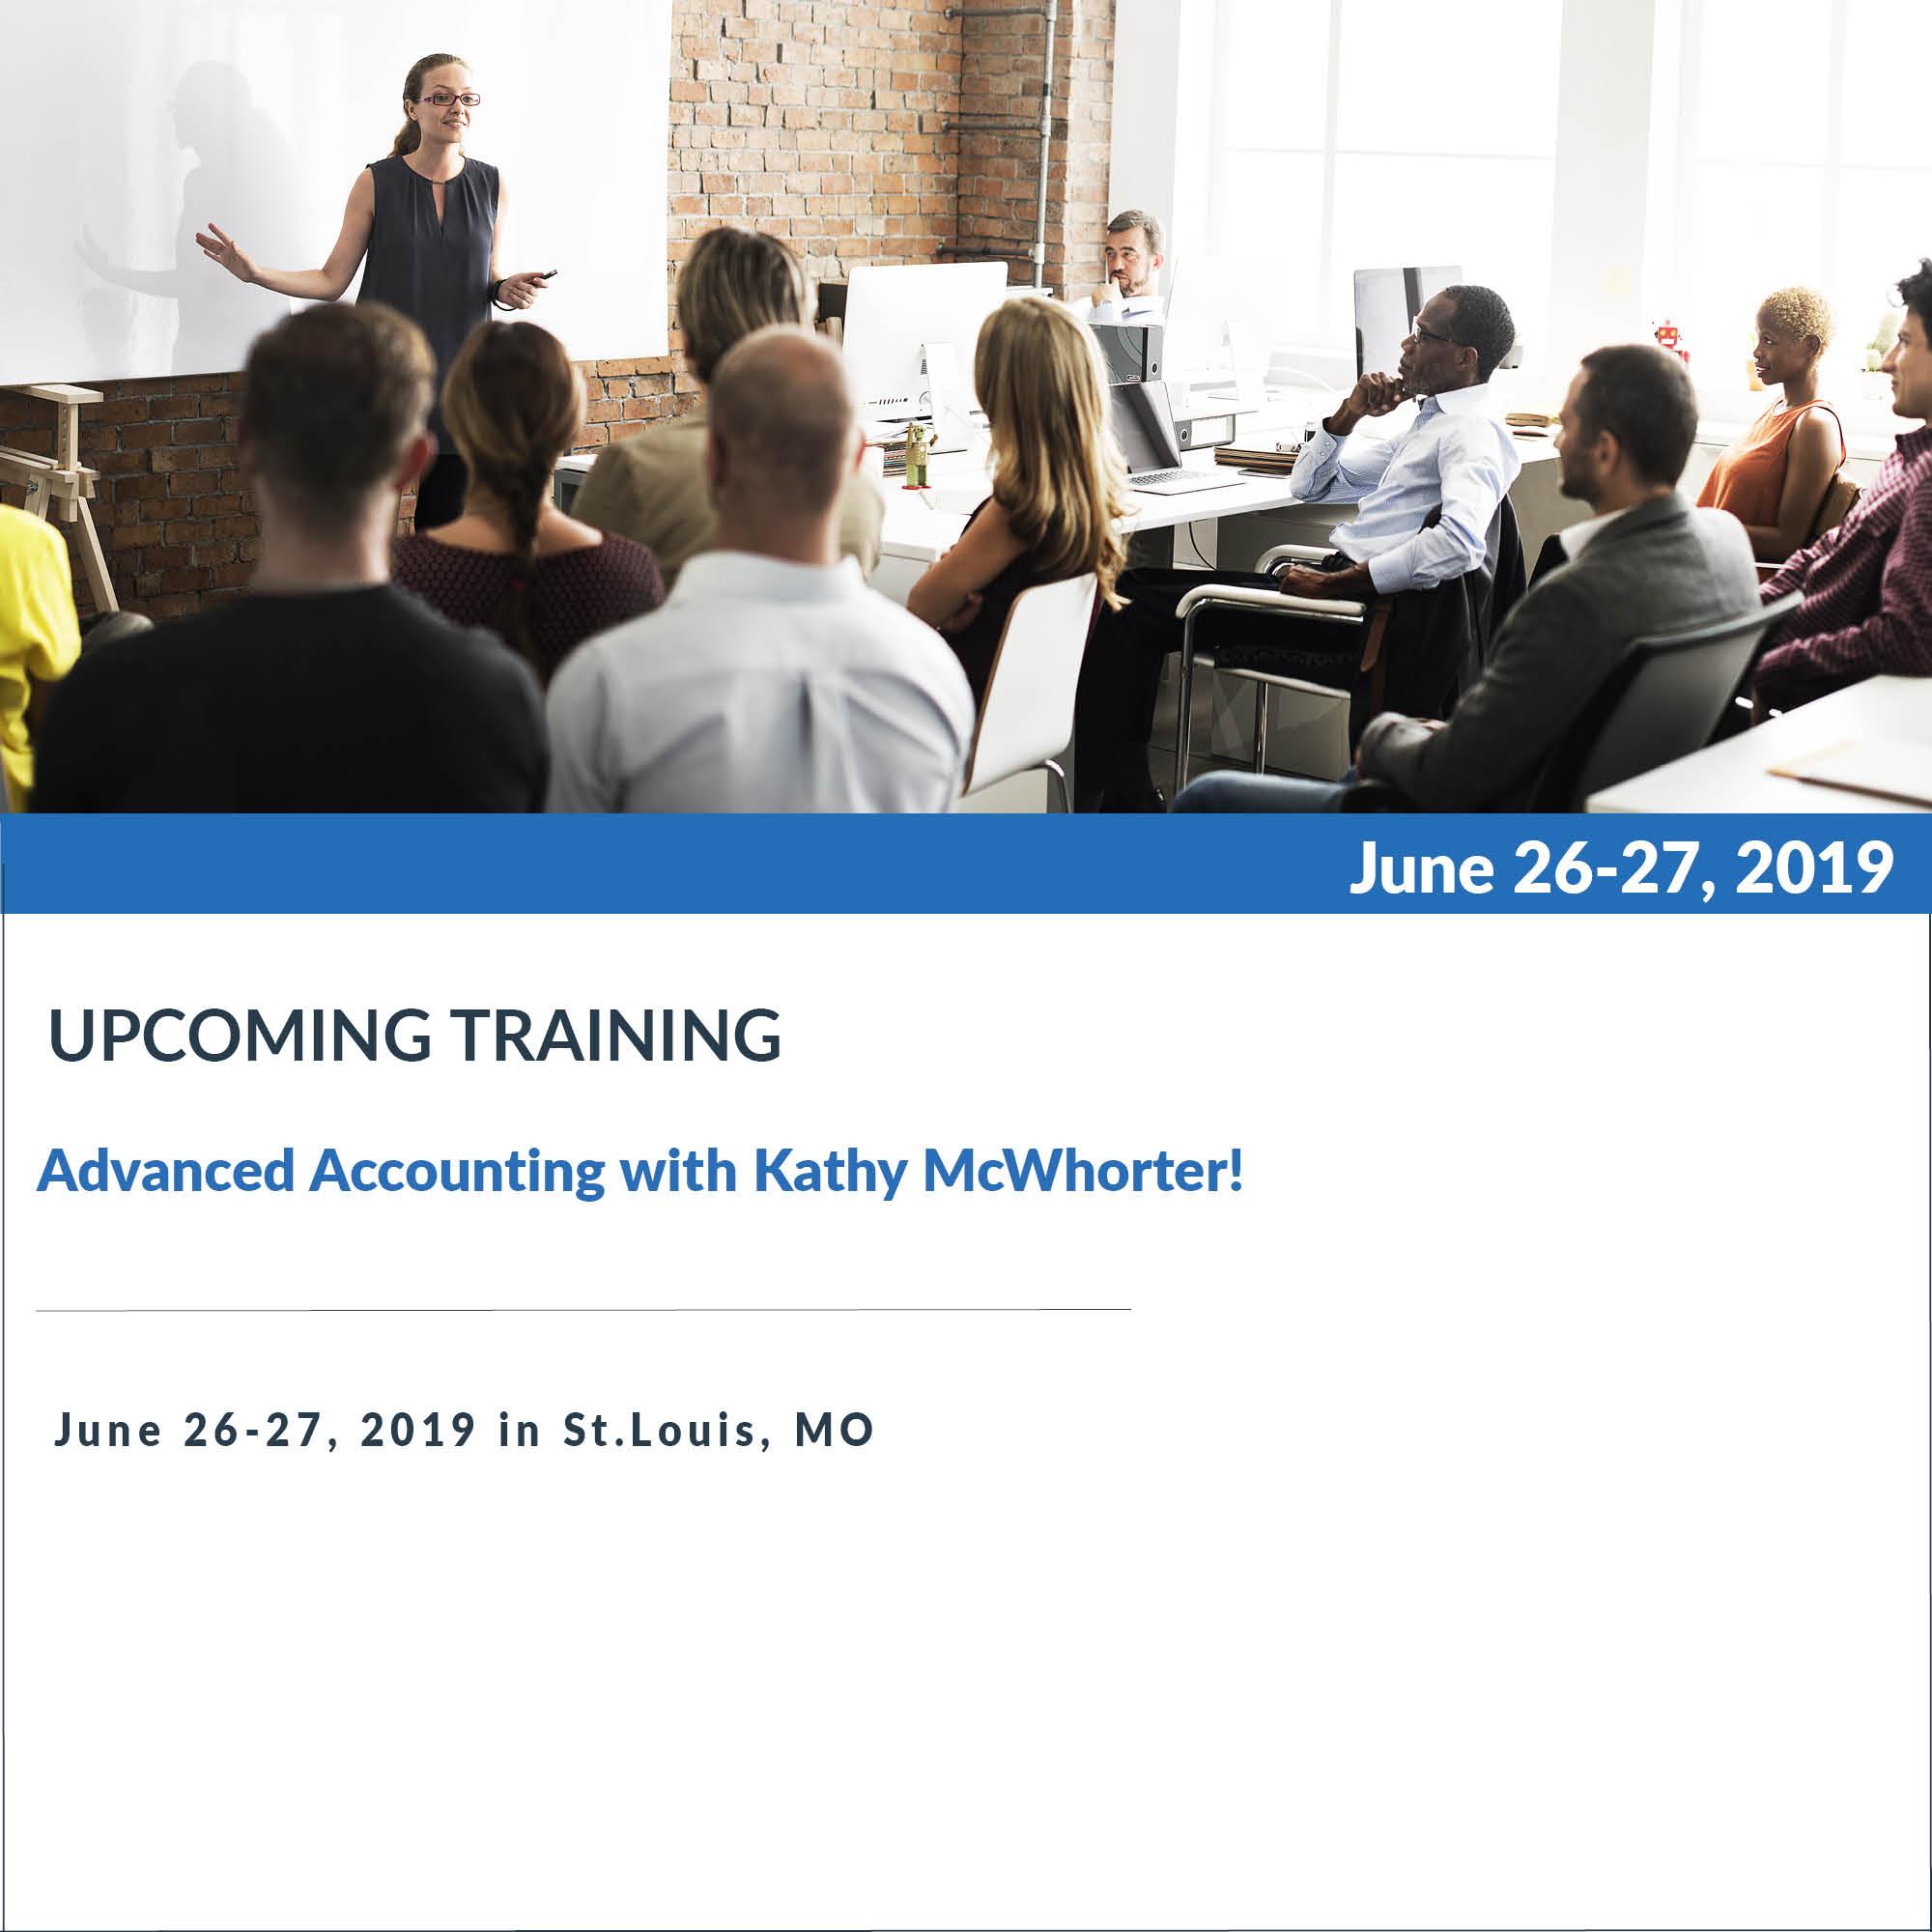 Aspire Training June 26-27, 2019
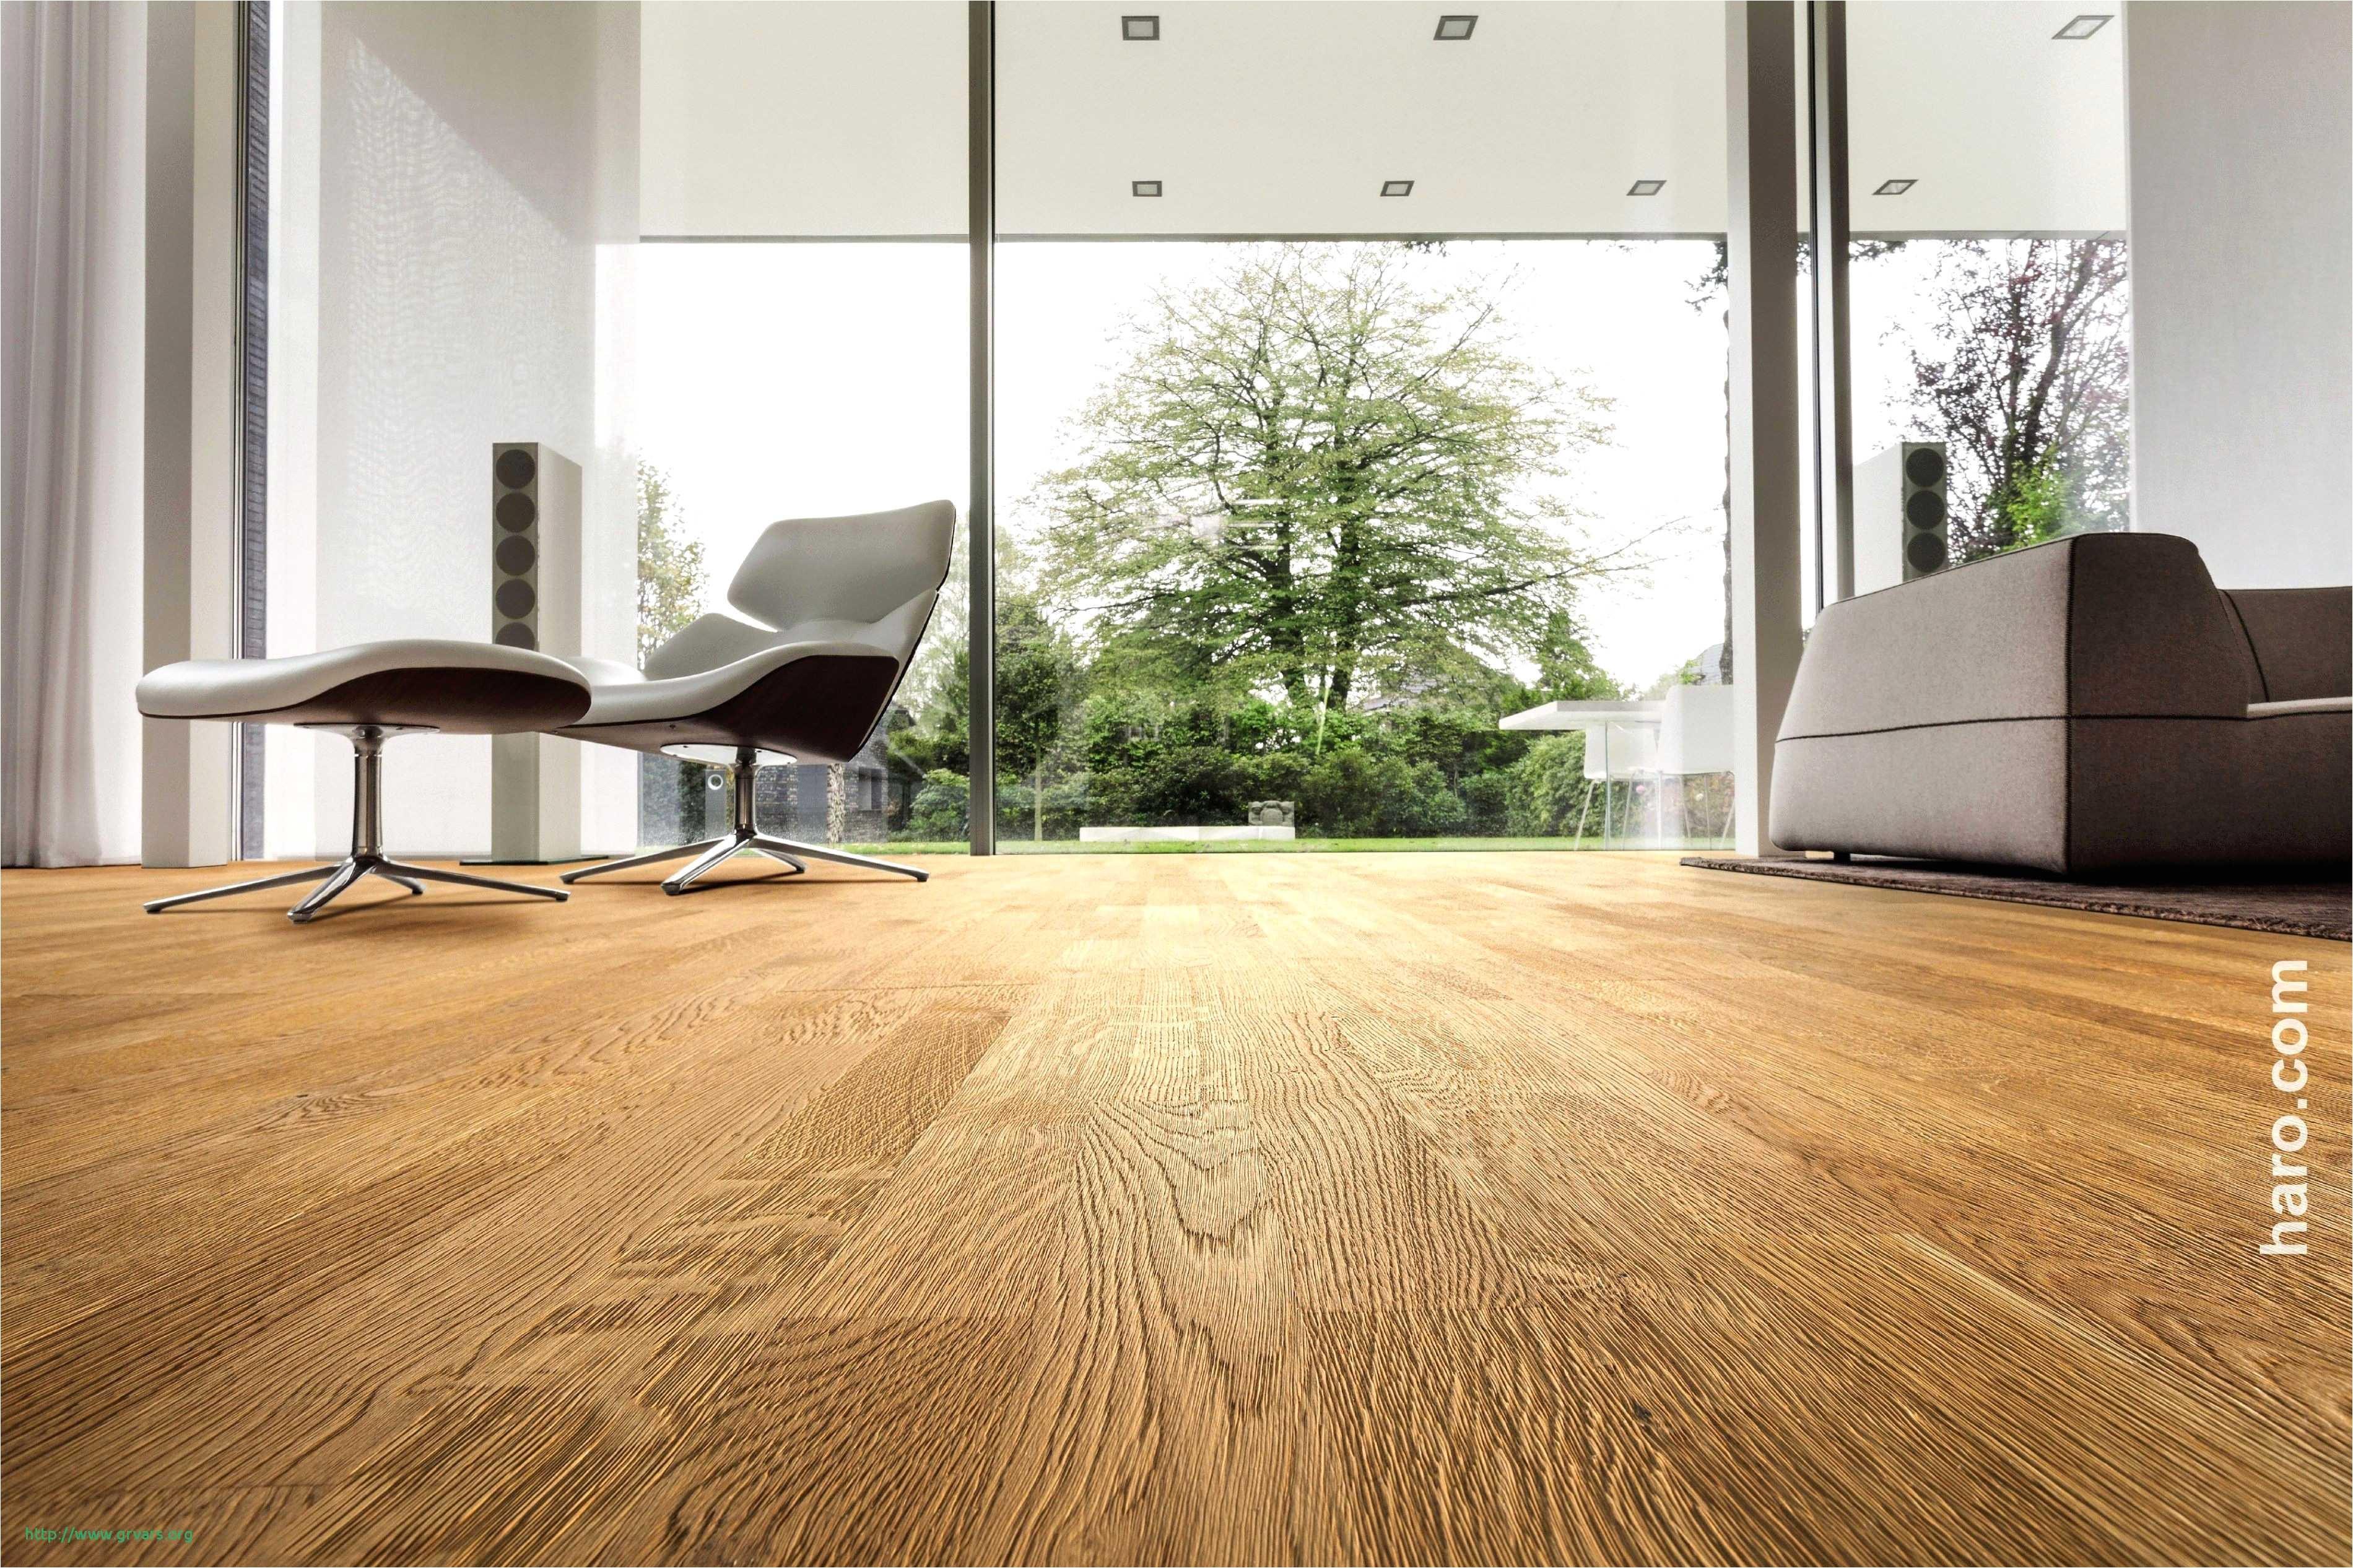 4 hardwood flooring of protect wood floors from furniture bradshomefurnishings with 24 a legant buy floors direct nashville ideas blog
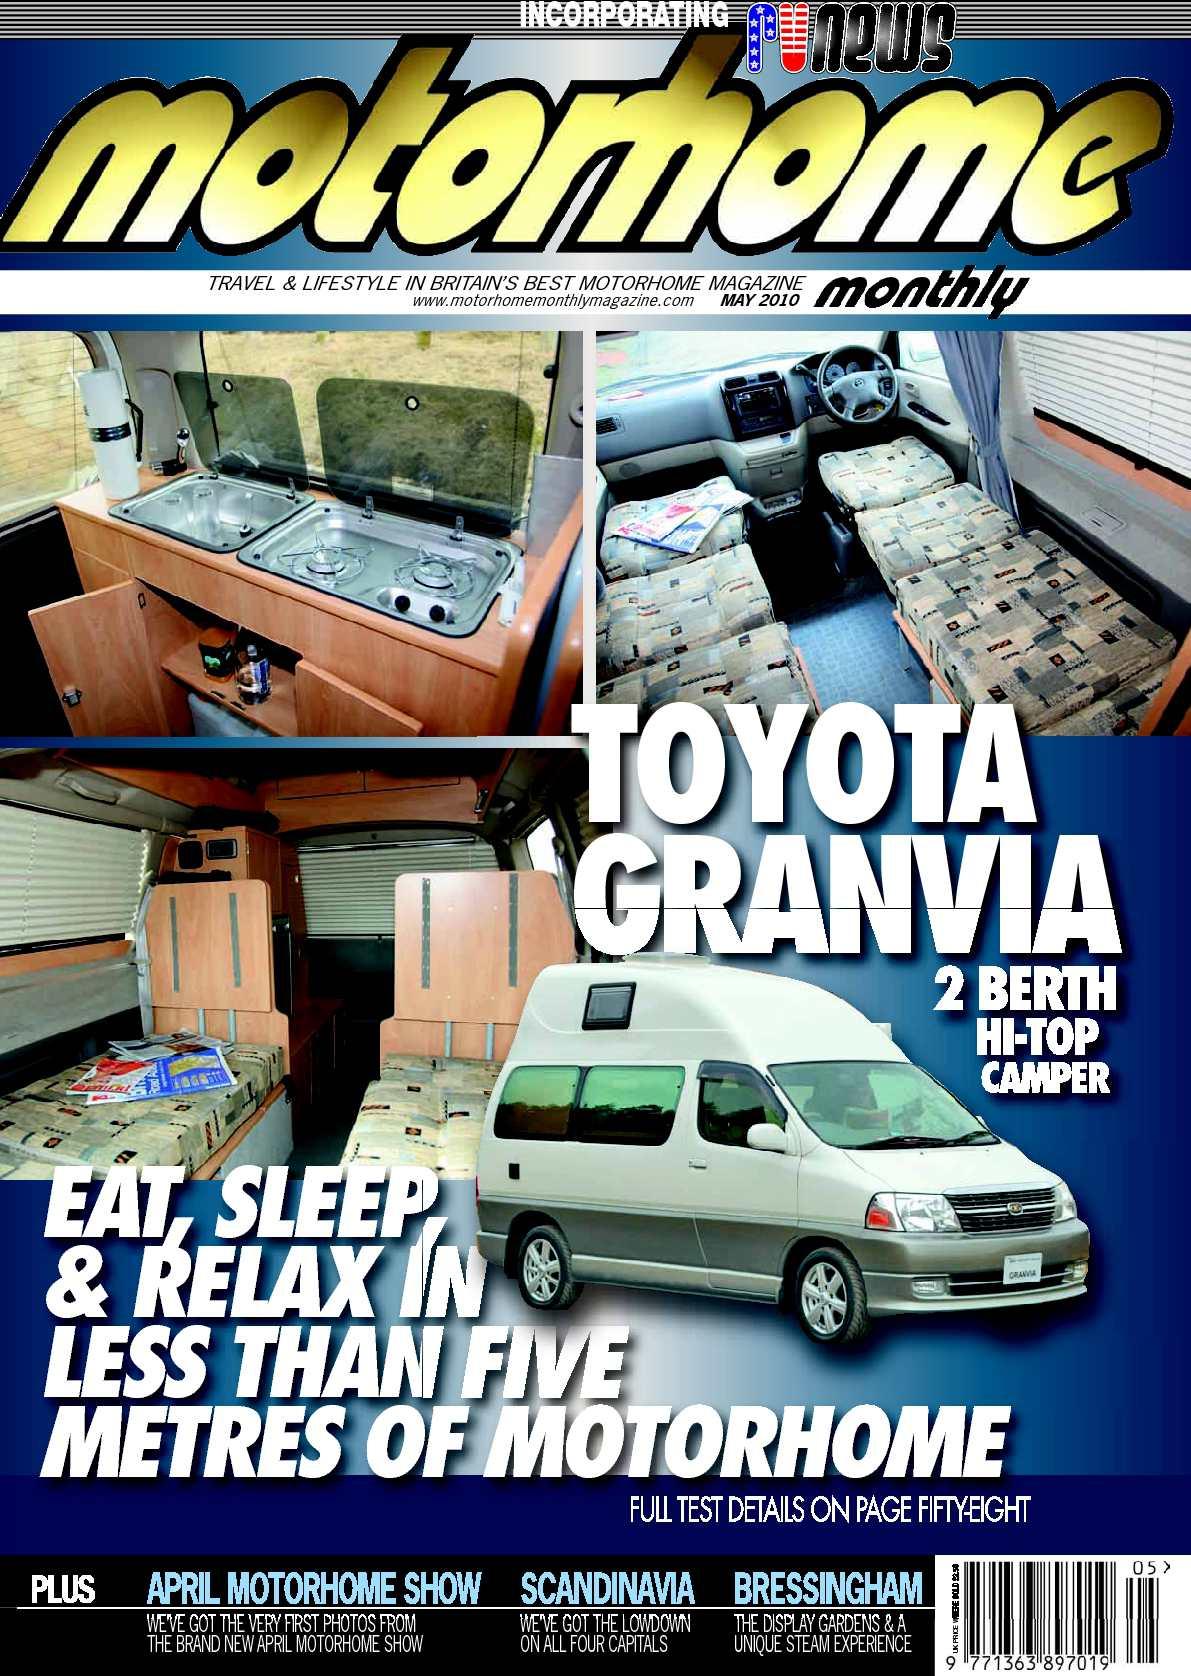 bd7bcddd9521eb Calaméo - May 2010 - Motorhome Monthly Magazine

--------------------

Take the listing above and print it exactly, apart from the pictures.

Output |
 Aspire Training June 26-27, 2019
 4 hardwood flooring of protect wood floors from furniture bradshomefurnishings with 24 a legant buy floors direct nashville ideas blog
 bd7bcddd9521eb Calaméo - May 2010 - Motorhome Monthly Magazine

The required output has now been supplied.